FROM THE ARCHIVES OF PRAGPUB MAGAZINE, APRIL 2016
Analyzing Cultural Domains with Python
by Dmitry Zinoviev
📚 Connect with us. Want to hear what’s new at The Pragmatic Bookshelf? Sign up for our newsletter. You’ll be the first to know about author speaking engagements, books in beta, new books in print, and promo codes that give you discounts of up to 40 percent.
Dmitri walks you through how to construct a reasonably quick and not-so-dirty Python data exploration script that is powerful and flexible enough for serious social science research.

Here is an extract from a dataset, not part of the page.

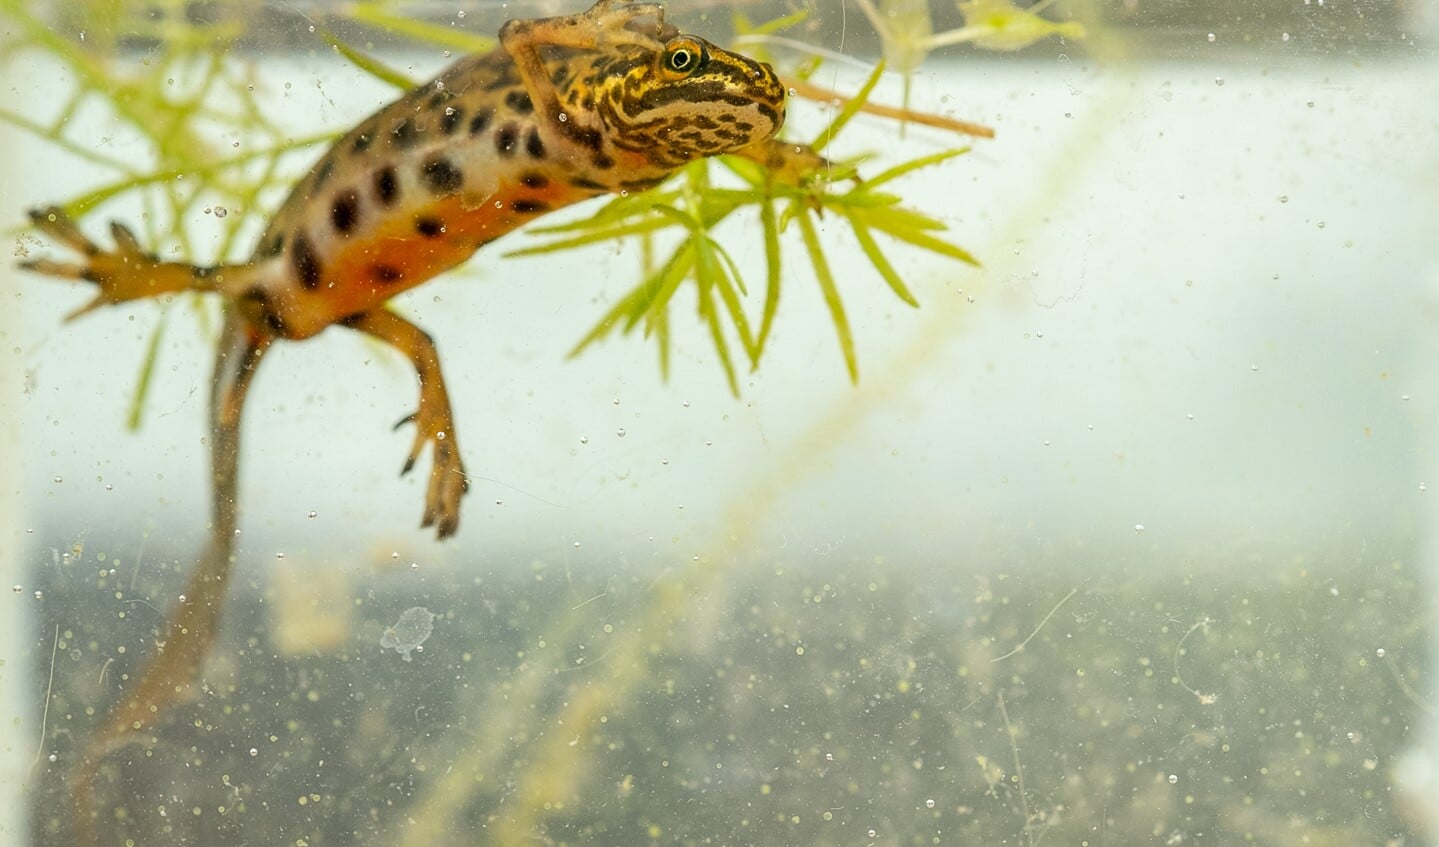 De watersalamander is een veelgeziene gast in de Zumpe. Foto: Burry van den Brink

Cultural domain analysis (CDA) is the study of how people in groups think about lists of terms that somehow go together and how this thinking differs between groups.

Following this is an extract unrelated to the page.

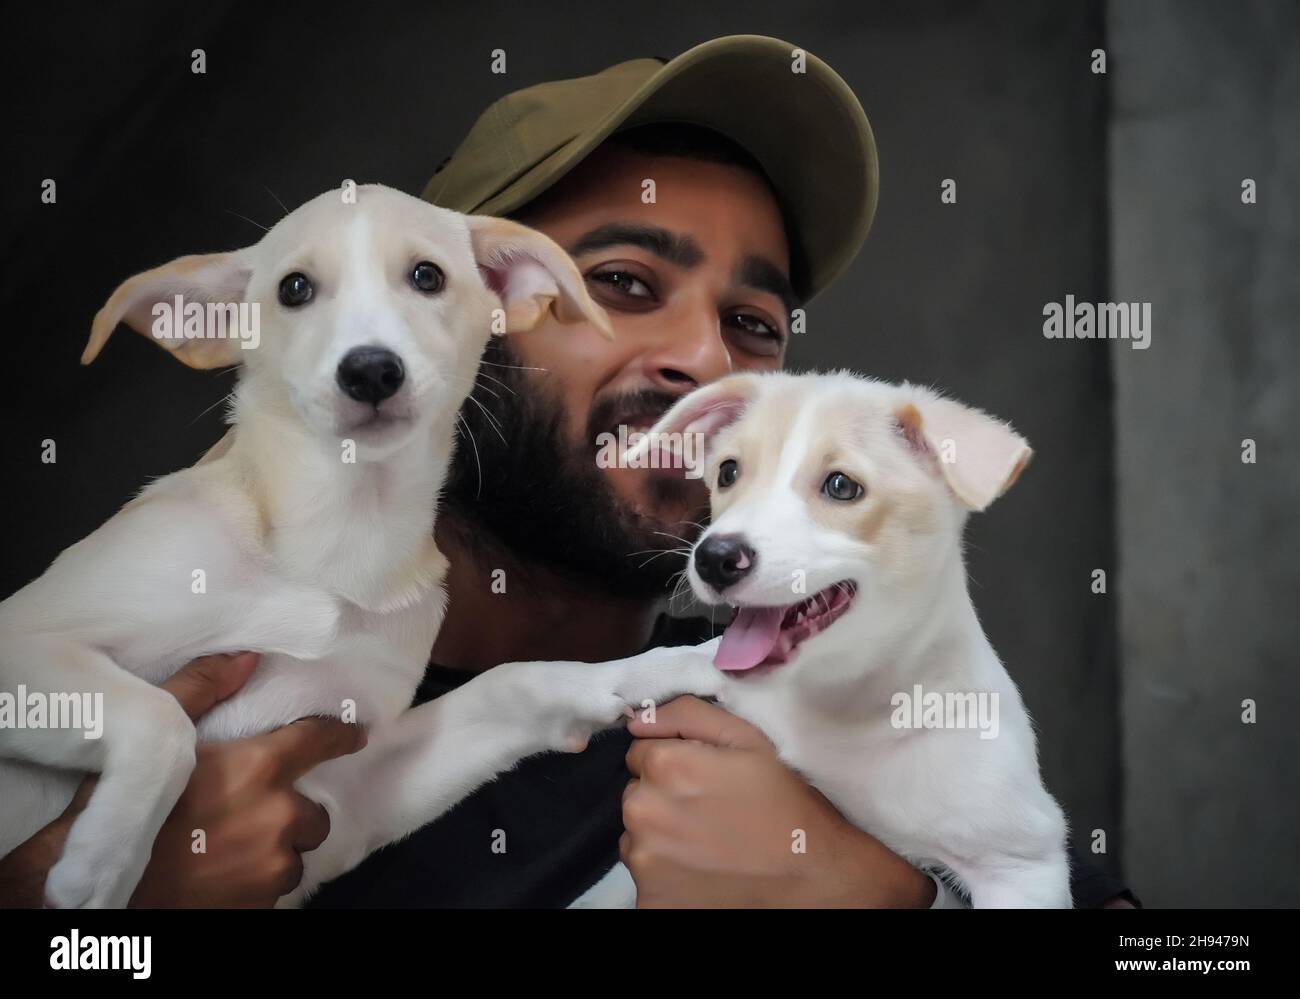 Ein Hund Liebhaber kleiner Junge mit 2 Hunden glücklich und lächelnd - selektive Fokus Bild Stockfoto

Some people associate the term “candle” with “Christmas,” others with “hurricane” and “blackout,” and yet others with “self-injury.” Anthropologists, ethnographers, psychologists, and sociologists use CDA to understand semantic mindscapes of social, ethnic, religious, professional, and other groups.
Before personal computers and specialized CDA software became available, social scientists used to do CDA essentially by hand. But not anymore!
Thanks to the Anaconda Python distribution generously provided for free by Continuum Analytics, the “paper-and-pencil” CDA approach is forever obsolete. In this article, I am going to show you how to construct a reasonably quick and not-so-dirty Python script for analyzing cultural domains. In fact, the script is flexible enough to support real social science research.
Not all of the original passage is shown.